We may then show that the failures specification is satisfied by proving the network

$$\langle \delta^*(S), P_1, \dots, P_n \rangle$$

to be deadlock-free. It should be straightforward to automate this technique for inclusion in a tool like Deadlock Checker. Design rules might then be formulated for the type of specifications that could be checked.

A different approach is likely to be required when dealing with issues relating to the correctness of computation rather than communication. Recalling the program to solve Laplace's equation in chapter 4, we have proven that this program cannot deadlock, but we are yet to show that it accurately calculates a solution to the problem. The prototype CSP code does not contain enough information to do this. We need to consider the refinement into the final **Occam** version. For this program, any conventional operational representation would be vast. In order to construct it we would effectively have to perform the entire computation for every single possible variety of initial conditions. Ideally what is required is a two-tiered form of operational semantics so that information regarding computation is represented on a separate level from information regarding communication.

Another important issue that has not been considered in this thesis is time. A major motivation for parallel computation is speed of results. Therefore we are likely to have hard real-time requirements for the systems that we design. If an airman presses the button to switch off the autopilot he should not have to wait for half an hour for any-thing to happen. The state of the art regarding the use of timed CSP is described in [Davies 1993]. A complete method for proving adherence to timed specifications is presented, but the author recognises that the large number of proofs required for applications of a significant size is likely to be infeasible. Therefore it would seem that there is a need for design rules to be discovered which would facilitate the development of real-time systems. Perhaps the most promising of the design rules considered here, from this point of view, is the cyclic paradigm. The processes could be synchronised to operate with a computation phase and a communication phase of fixed time, say  $\delta t$ . The time for various external operations to be effective should then be easy to predict as a multiple of  $\delta t$ . This idea is similar to the BSP paradigm of L. Valiant (documented in [Oxford Parallel 1995]).

## A Vision for the Future

It would seem that there is still some work to be done before the construction of largescale parallel programs can be regarded as a thoroughly safe engineering discipline. Hopefully this thesis has outlined an approach to one of the major problems which is of clear practical use.

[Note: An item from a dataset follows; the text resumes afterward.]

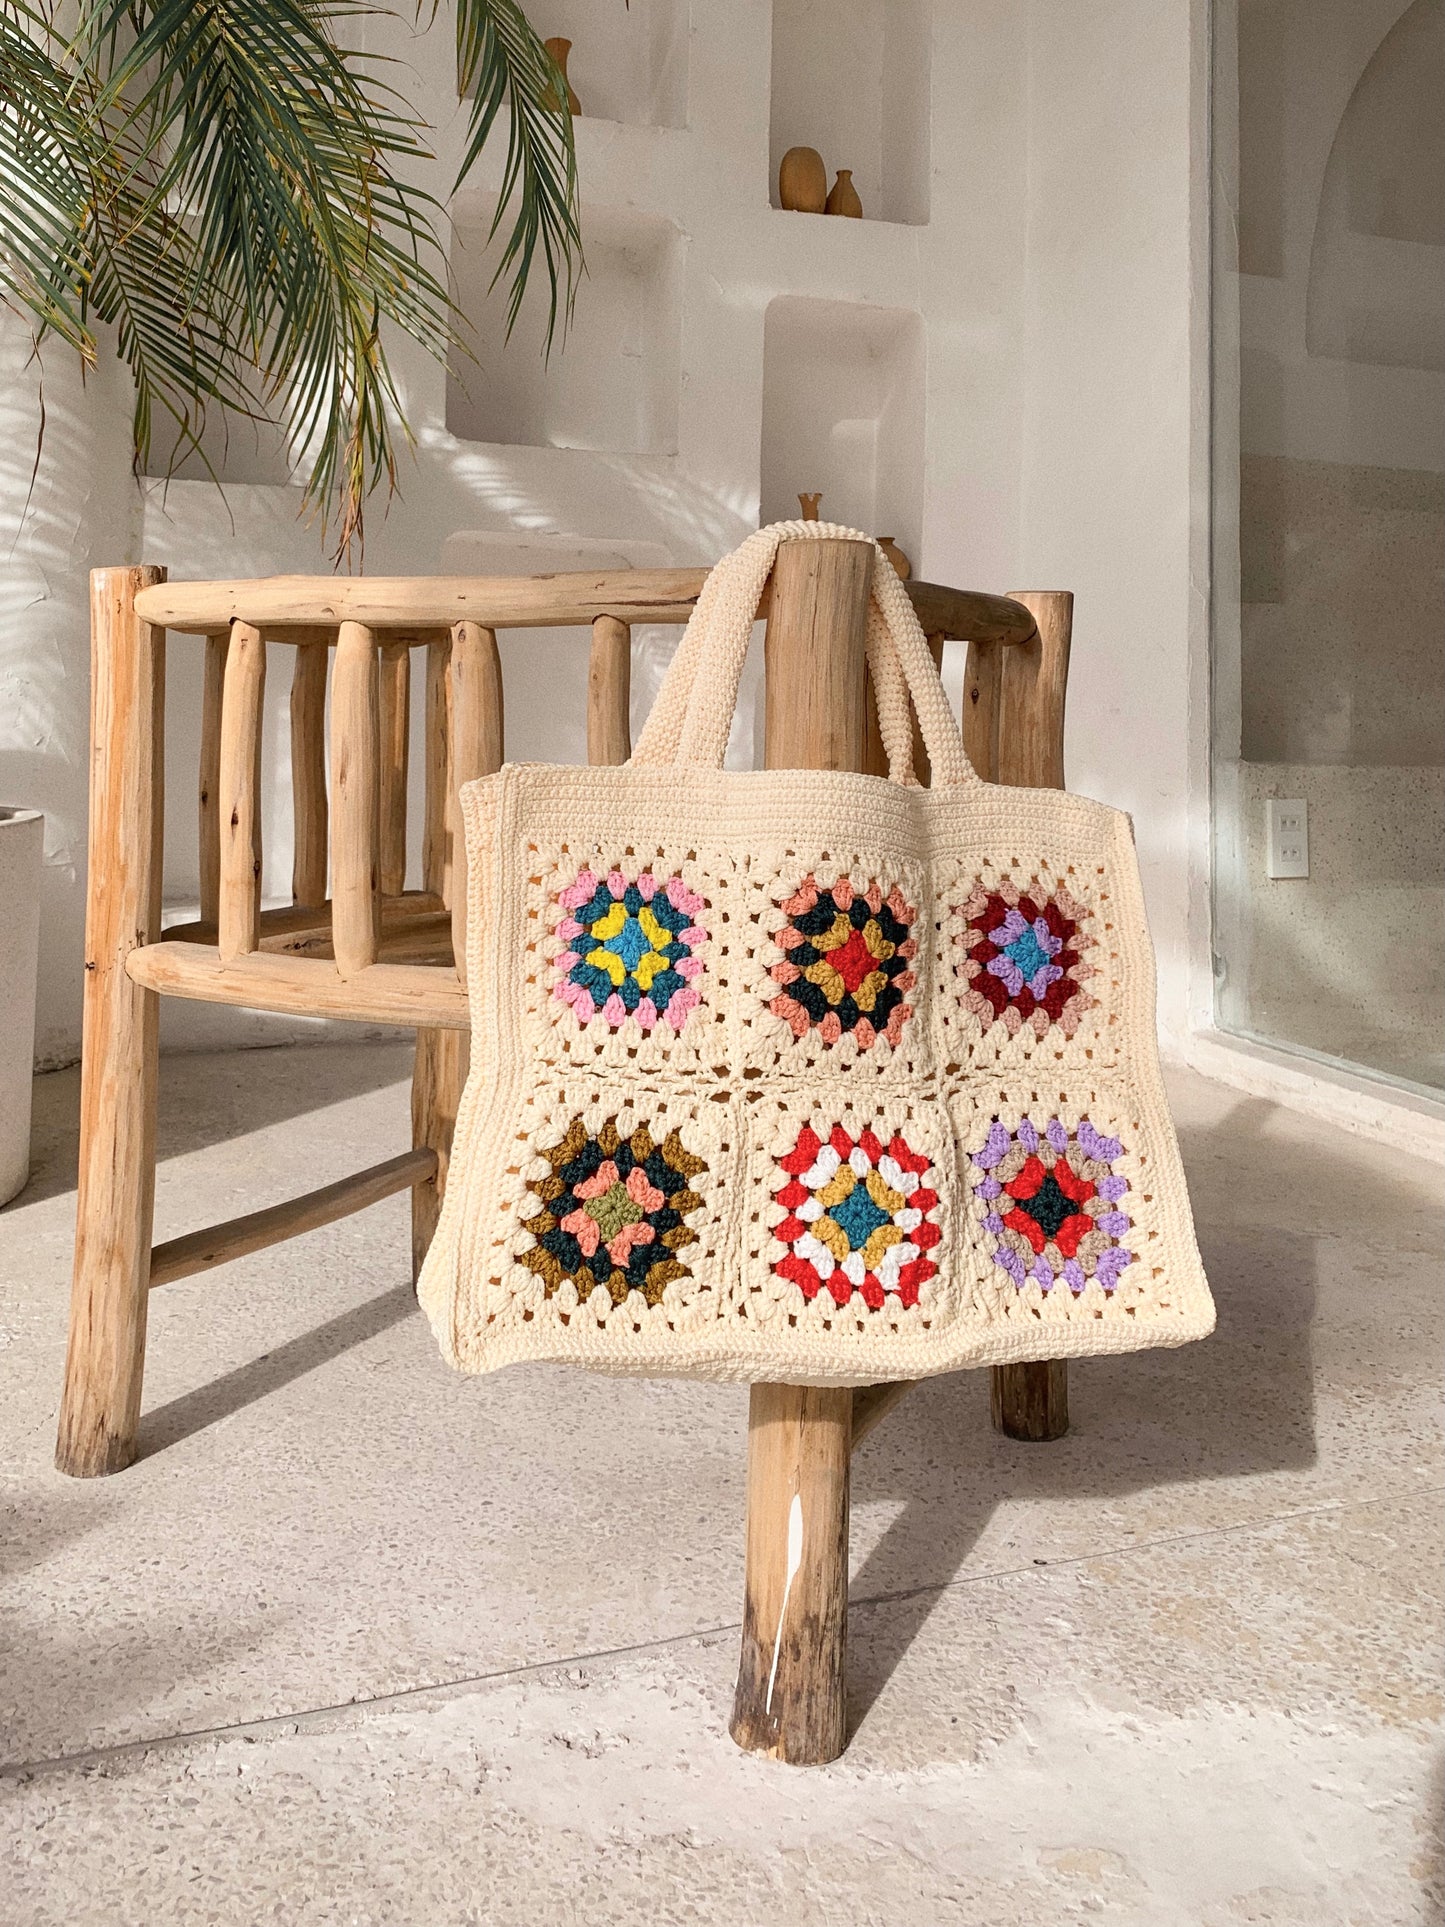 Square Crochet Bag

Ease of use and simplicity of presentation have to be major goals in developing tools for engineers.

In the near future, there is the exciting prospect of an integrated CSP development environment, such as illustrated in figure 4.6. Programs could be systematically refined from their abstract specifications making use of a number of tools, to perform such functions as refinement checking, abstraction checking, real-time specification checking, conversion to and from high-level programming languages, and, of course, deadlock and livelock analysis. In the event of a potential deadlock being detected the tool would be able to point back to the exact position in the source of each process involved in it.

CSP is a most elegant language and it would be nice if it could be used directly for actual programming, rather than having to convert to another language such as **Occam**. Then we could use the same notation all the way through from specification to implementation. In order to make an efficient CSP compiler, one would need to enforce certain restrictions, such as the restriction in **Occam** that external choice can only be applied to input channels. There would also need to be some thought applied over the treatment of the state of variables and their scope. Probably the language that we would finally arrive at would be functionally very similar to **Occam**, but it would look like CSP. Of course some people might not consider the CSP notation to provide the most *readable* presentation style for concurrent software, preferring the use of words to symbols. There is no reason why a verbose isomorphism of CSP should not be provided for such people, rather than a different language.

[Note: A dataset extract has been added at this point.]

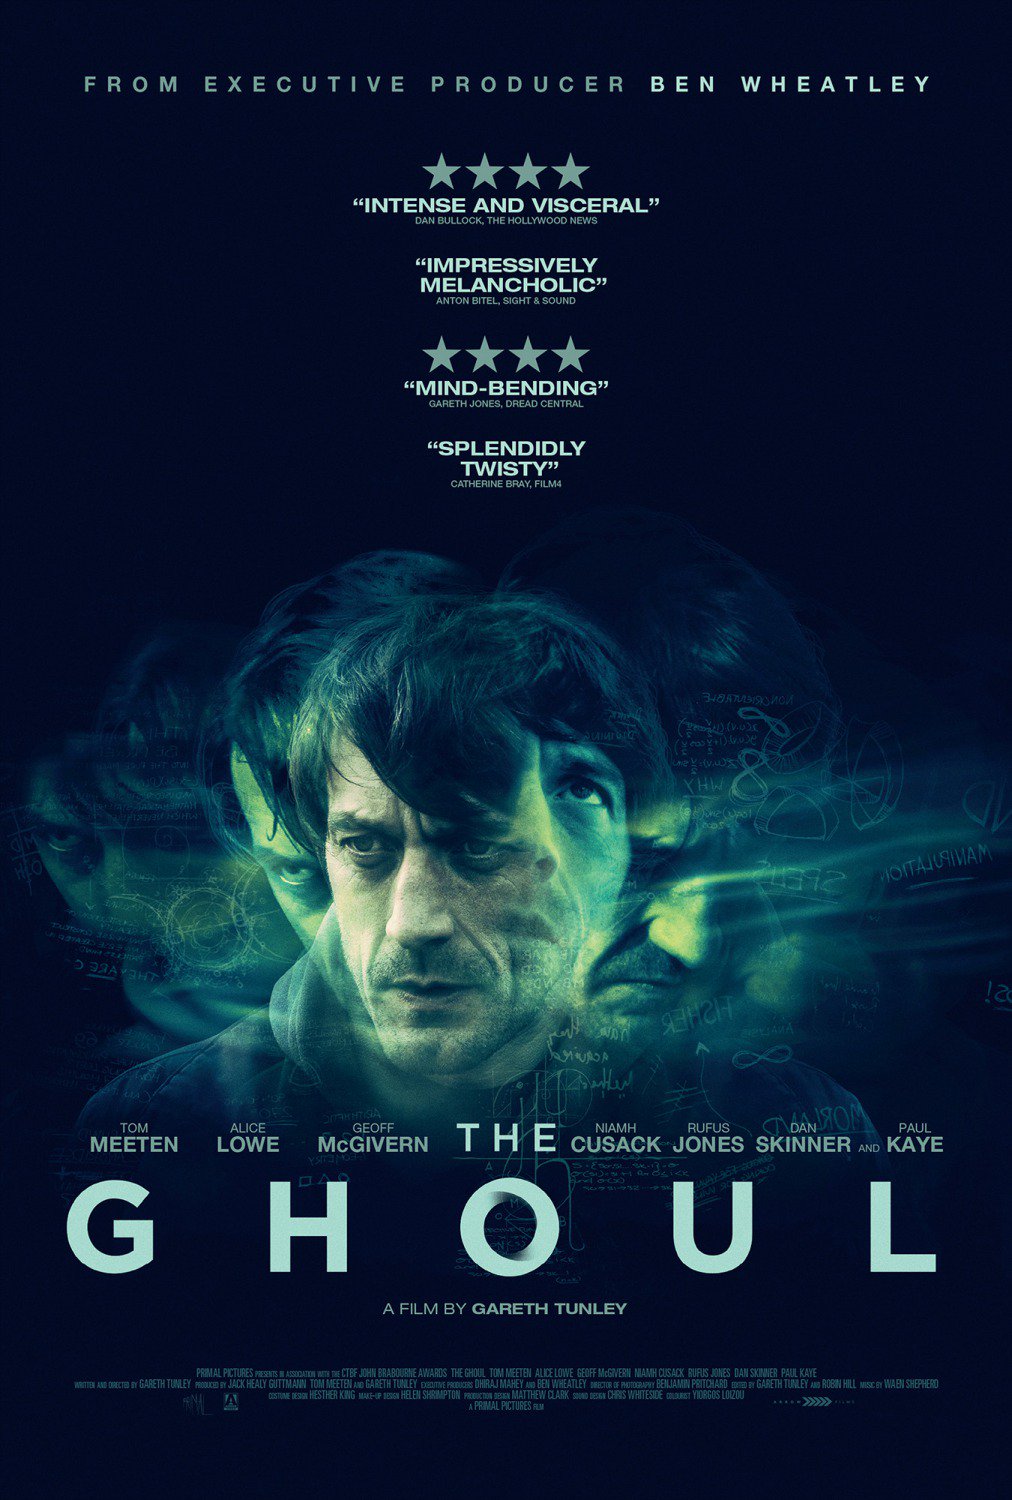 Nonton film The Ghoul layarkaca21 indoxx1 ganool online streaming terbaru

By making life easier for engineers we might reduce the potential for softwareprecipitated catastrophes. But it is very important that we always maintain a clear view of the limitations of formal methods. For instance, they cannot guard against a leaky specification which fails to incorporate vital safety information. There will always be a human decision-making aspect to software construction. By making the programming environment helpful, intuitive and secure we can help to ensure that the right decisions are made.



Figure 4.6: CSP Toolkit – A Vision for the Future